Background: Previous work from our center has suggested a correlation between increased donor-derived Vdelta1+ gammadelta T cells and long-term relapse-free survival following bone marrow transplantation for leukemia. Questions remain, however, as to whether this observation can be explained by a gammadelta T cell-based immune response against primary leukemia.
Methods: We examined gammadelta T cell receptor (TCR) phenotype, cell proliferation, and cytolytic activity following culture with irradiated primary leukemia blasts from a haploidentical first-degree relative. Subsequently, we also studied the gammadelta TCR phenotype and complimentarity determining region 3 (CDR3) cDNA sequences from 17 newly diagnosed leukemia patients.

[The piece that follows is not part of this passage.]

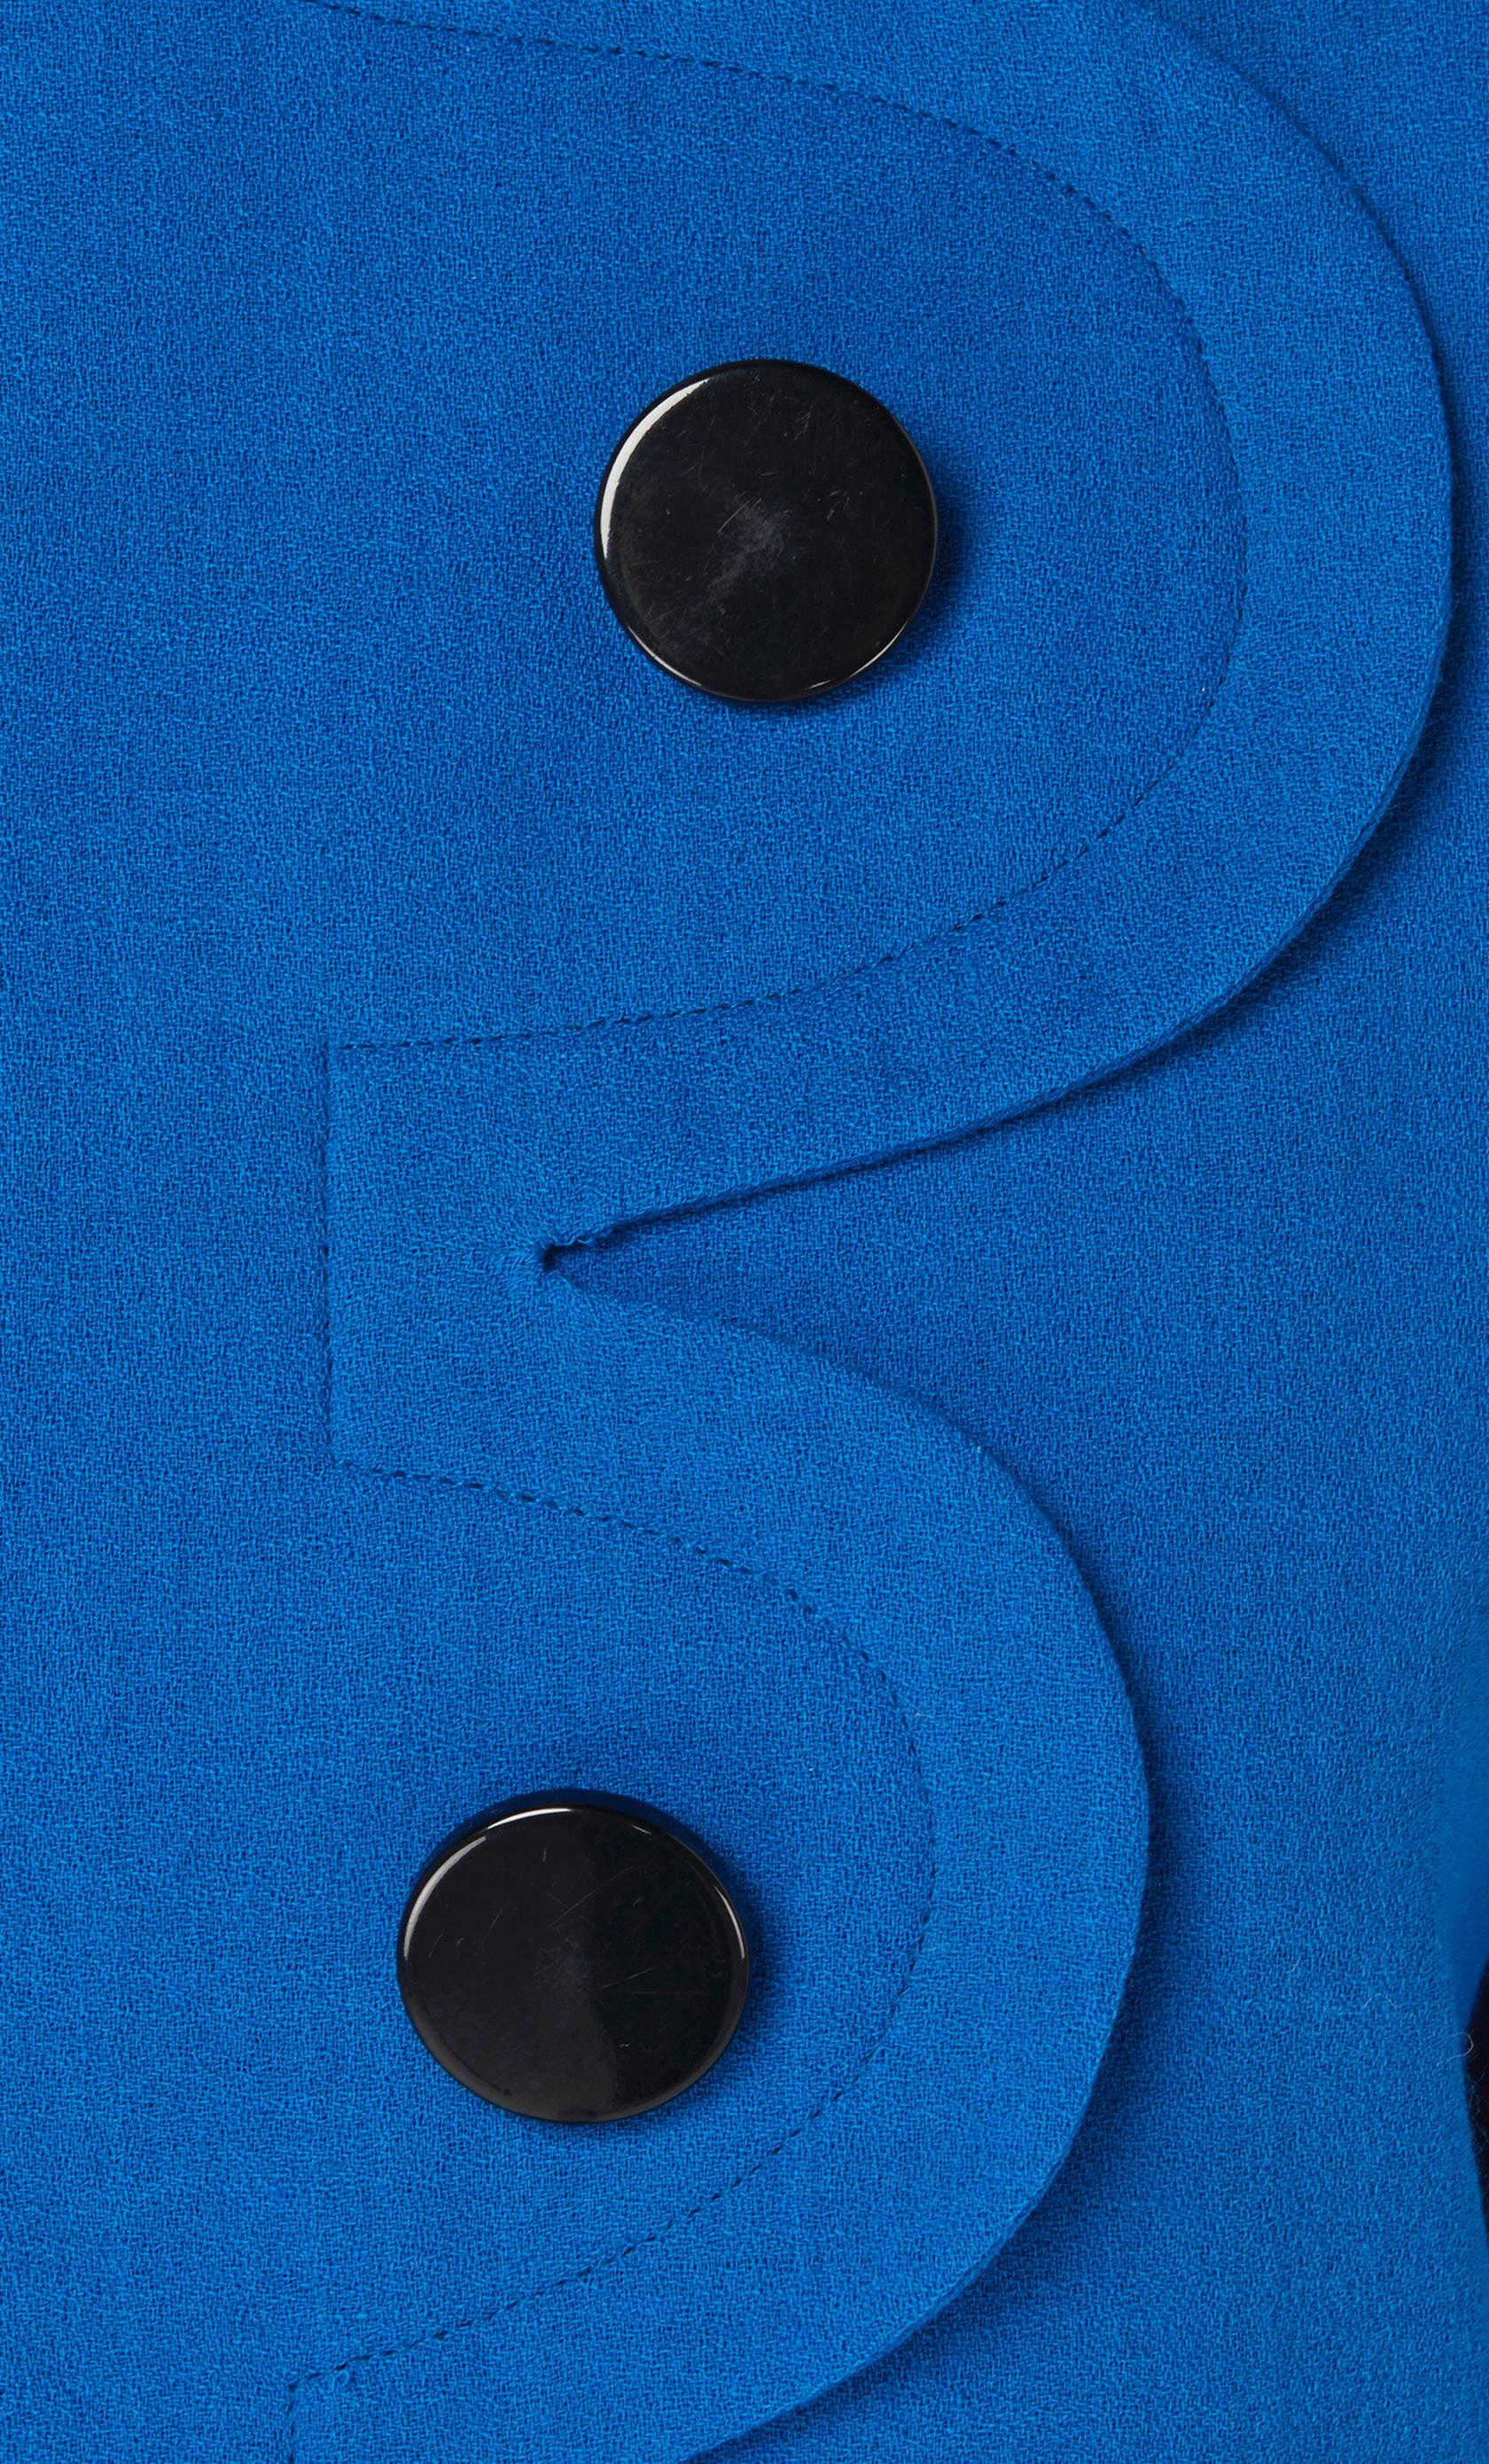 Blue Pierre Cardin blue tunic, circa 1980

Results: In 17/28 (61%) of in vitro cultures, gammadelta T cells proliferated in culture with primary blasts. Vdelta1+ T cells were proportionally increased in all cultures and were the predominant cell population in 6/17. In the 7 cultures where cytotoxicity could be assessed, 6 (86%) showed some degree of cytotoxicity to the primary leukemia. Vdelta1+ T cells were also the predominant gammadelta T cell subtype in pre-treatment leukemia patients principally due to loss of Vdelta2+ T cells rather than expansion of Vdelta1+ cells. The Vdelta1 CDR3-region cDNA sequence from these patients revealed exclusive use of the Jdelta1 constant region and sequence conservation in 4/11 patients.

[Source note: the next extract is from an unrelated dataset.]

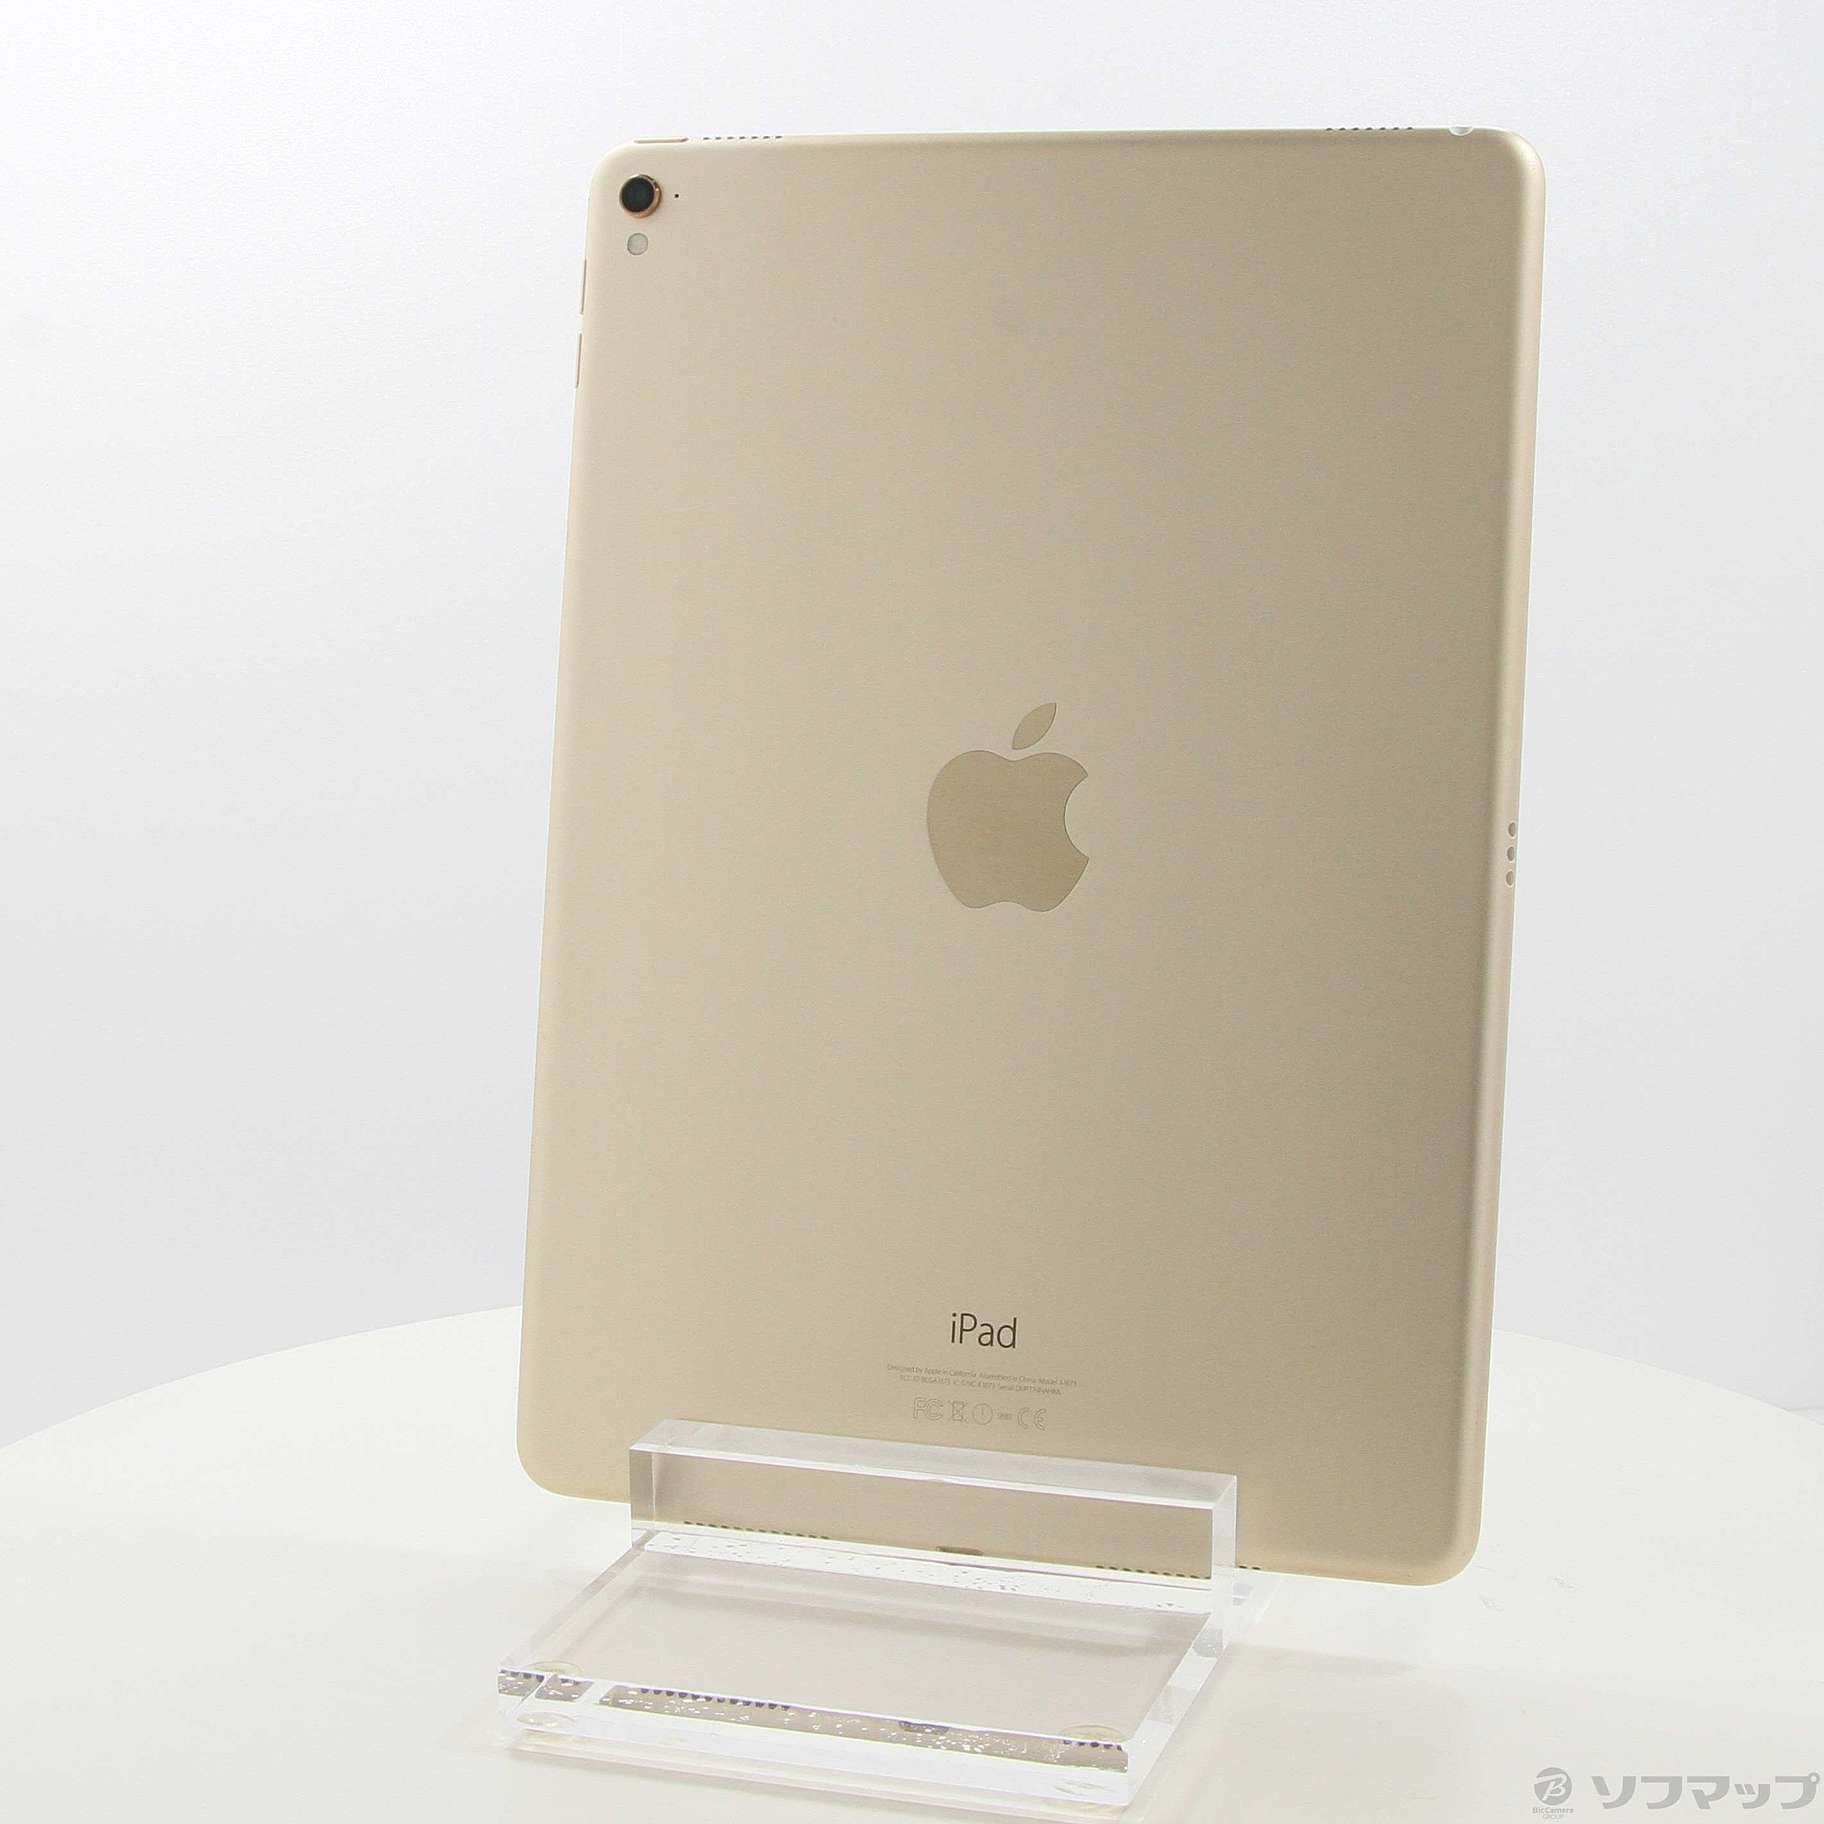 限定品質保証状態良 Apple iPad Pro 9.7インチ Wi-Fi 128GB MLMX2J/A ゴールド 本体 動作確認済 EC22-911jy/F3 iPad本体

Conclusions: gammadelta T cells exhibit an in vitro response to primary leukemia blasts that is manifested by proliferation, an increased proportion of Vdelta1+ T cells, and cytotoxicity to the primary leukemia blasts. The Vdelta1+ T cell population is also predominant in newly diagnosed leukemia patients likely due to a loss of circulating Vdelta2+ T cells. A small proportion of newly diagnosed patients showed Vdelta1 CDR3 region similarity. These findings suggest a role for gammadelta T cells in the immune response to leukemia.